It makes little difference today whether these actions are seen as actions in trespass or on the case.  The need for some action is obvious:  it would be absurd if a landlord was not able to seek damages for, say, the cost of structural repairs necessitated by a defendant’s trespass until the end of the tenancy, by which time the trespasser might have disappeared or gone bankrupt.  If, however, the action is held to lie in trespass, then a further exception to normal principles must be recognised.  Normally trespass is actionable per se.  The landlord’s claim is not, but rather is dependent upon proof of permanent physical damage.

I adopt that as a correct statement of law.  I regard it as unnecessary to dwell for long on whether the claim should be in trespass or on the case:  for the origins of each see Salmond & Heuston at pp 4-8. Historically the difference mattered and depended on whether the damage was caused forcibly and directly or arose consequentially.  While the difference between trespass and case may still be of moment for some purposes, I see no difficulty or harm in assimilating such claims as these into trespass rather than maintaining the view that they are more properly actions on the case.  I say that acknowledging the stricter approach of Hodges J in Rodrigues v Ufton (1894) 20 VLR 539:  see Trindale and Cane:  The Law of Torts in Australia (1985) at pp 81, 99-100.

The assimilation which I favour accords with the modern practice which is to look more at substance than form.  While historically the form of action might properly have been on the case, today a claim by a reversioner can fit comfortably into the modern tort of trespass.  The ability of a reversioner or a landlord to sue for trespass, while having no right to immediate possession is supported by Mayfair Property Co v Johnston [1894] 1 Ch 508 at p 516 and by Jones v Llanrwst Urban District Council [1911] 1 Ch 393 at p 404.  See also Salmond & Heuston at p 51.  It is important to note that the tort of trespass is not actionable per se at the suit of a reversioner or a landlord.  Such a person can only sue if permanent damage to the reversion can be shown.  As Salmond & Heuston say a landlord has no right of action for a ‘mere trespass’.  What must be established is a trespass which results in harm to the property and which causes permanent damage to the plaintiff’s reversionary interest therein.

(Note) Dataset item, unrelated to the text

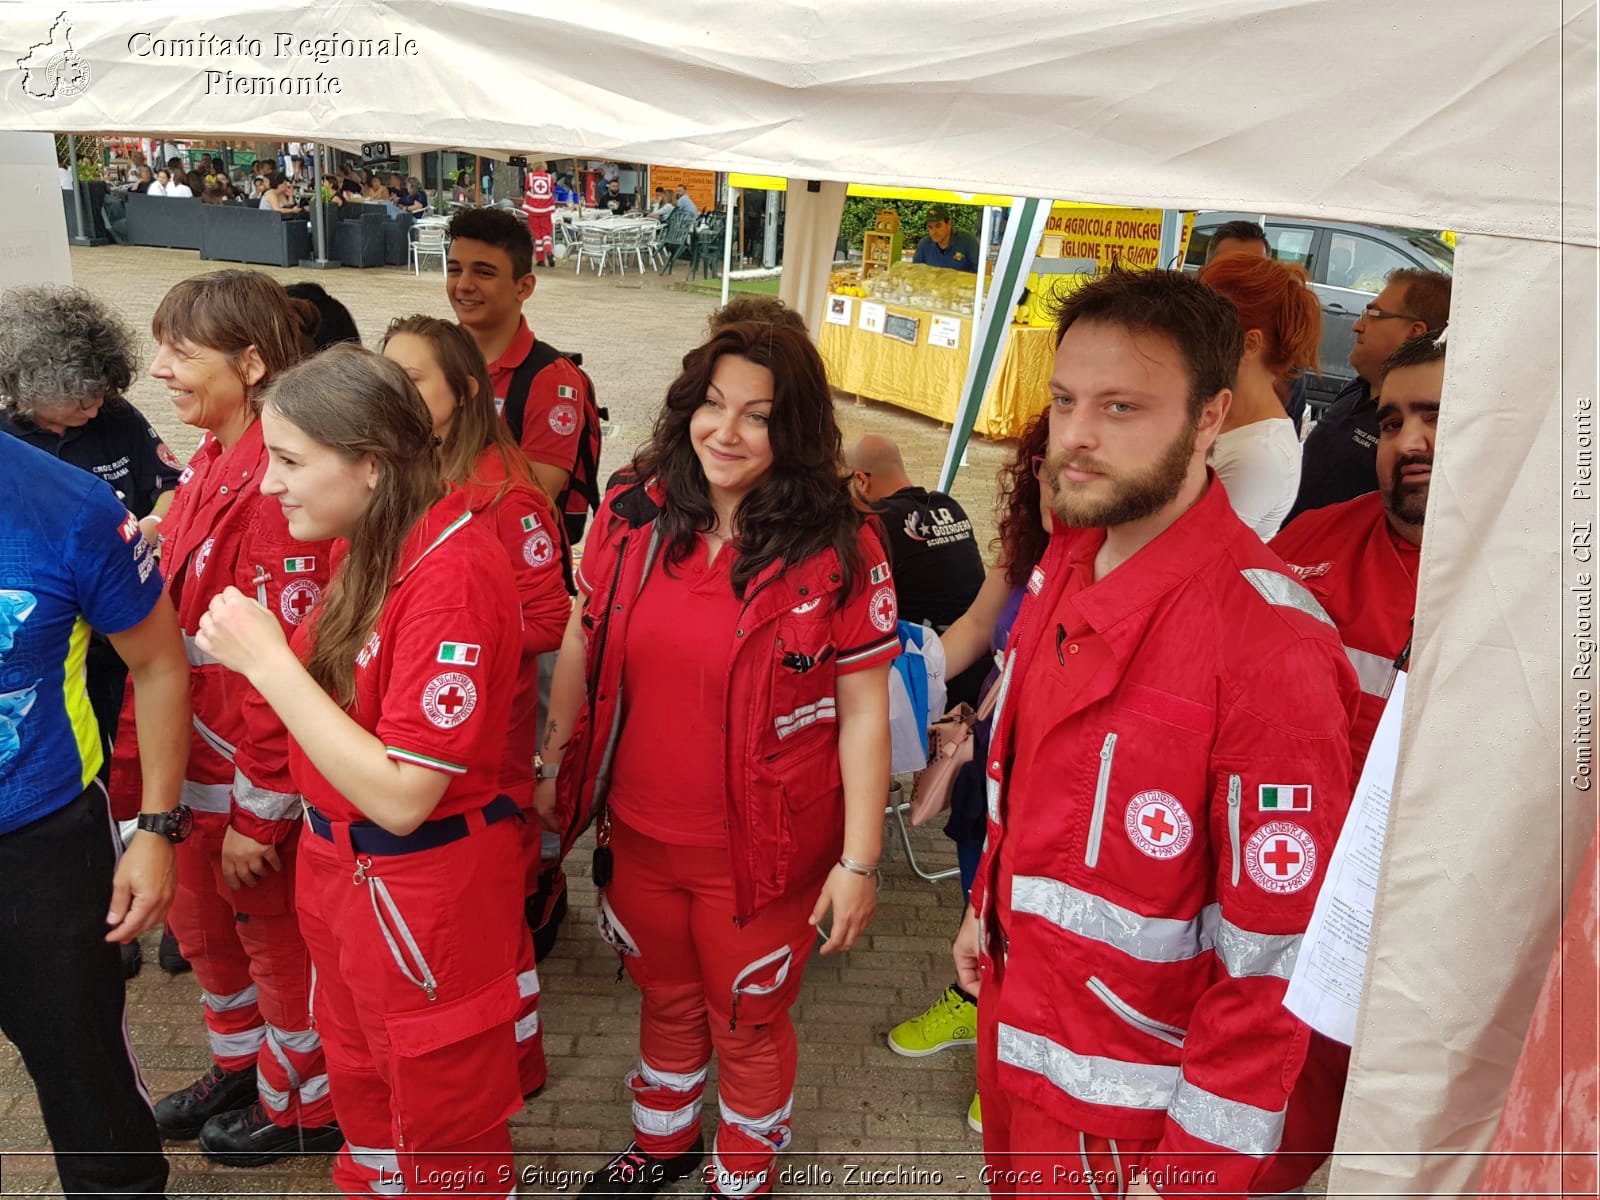 La Loggia 9 Giugno 2019 - Sagra dello Zucchino - Croce Rossa Italiana - Comitato Regionale del Piemonte

I regard the position of a mortgagee as being sufficiently analogous to that of a reversioner or a landlord to justify the same approach being taken.” (my emphasis)

  1. [117]
    The other member of the court, Cooke P, having referred to Rodrigues v Ufton and observing that as held in those cases under the old law the action would have lain in case, not in trespass, was also of the view that, “At the present day the historical derivation of the cause of action is less important than the identification of the substance of the right”.[213]  He also stressed that “proof of damage is essential”.[214]
  1. [118]
    In my view the judgments in Lockwood Buildings v Trust Bank are an evolution of the statement by Hodges J in Rodrigues v Ufton with reference to the distinction between a cause of action for trespass and a cause of action for damage to the reversion, that, “I do not know if it makes any material difference in this case.  Forms of action are gone”.[215]
  1. [119]
    On the basis of this analysis of the authorities from 1894, and in particular since Rodrigues v Ufton, I have come to the view that the plaintiff can still sue in trespass as owner of the 6 Beech Avenue property, for compensation for damage to the property.  This is provided it is established the trespass results in harm to the property and permanent damage to his reversionary interest.
  1. [120]
    This approach brings the right to sue in trespass into line with the right to sue “in nuisance” as expressed in Court Forms, Precedents & Pleadings Queensland as follows:[216]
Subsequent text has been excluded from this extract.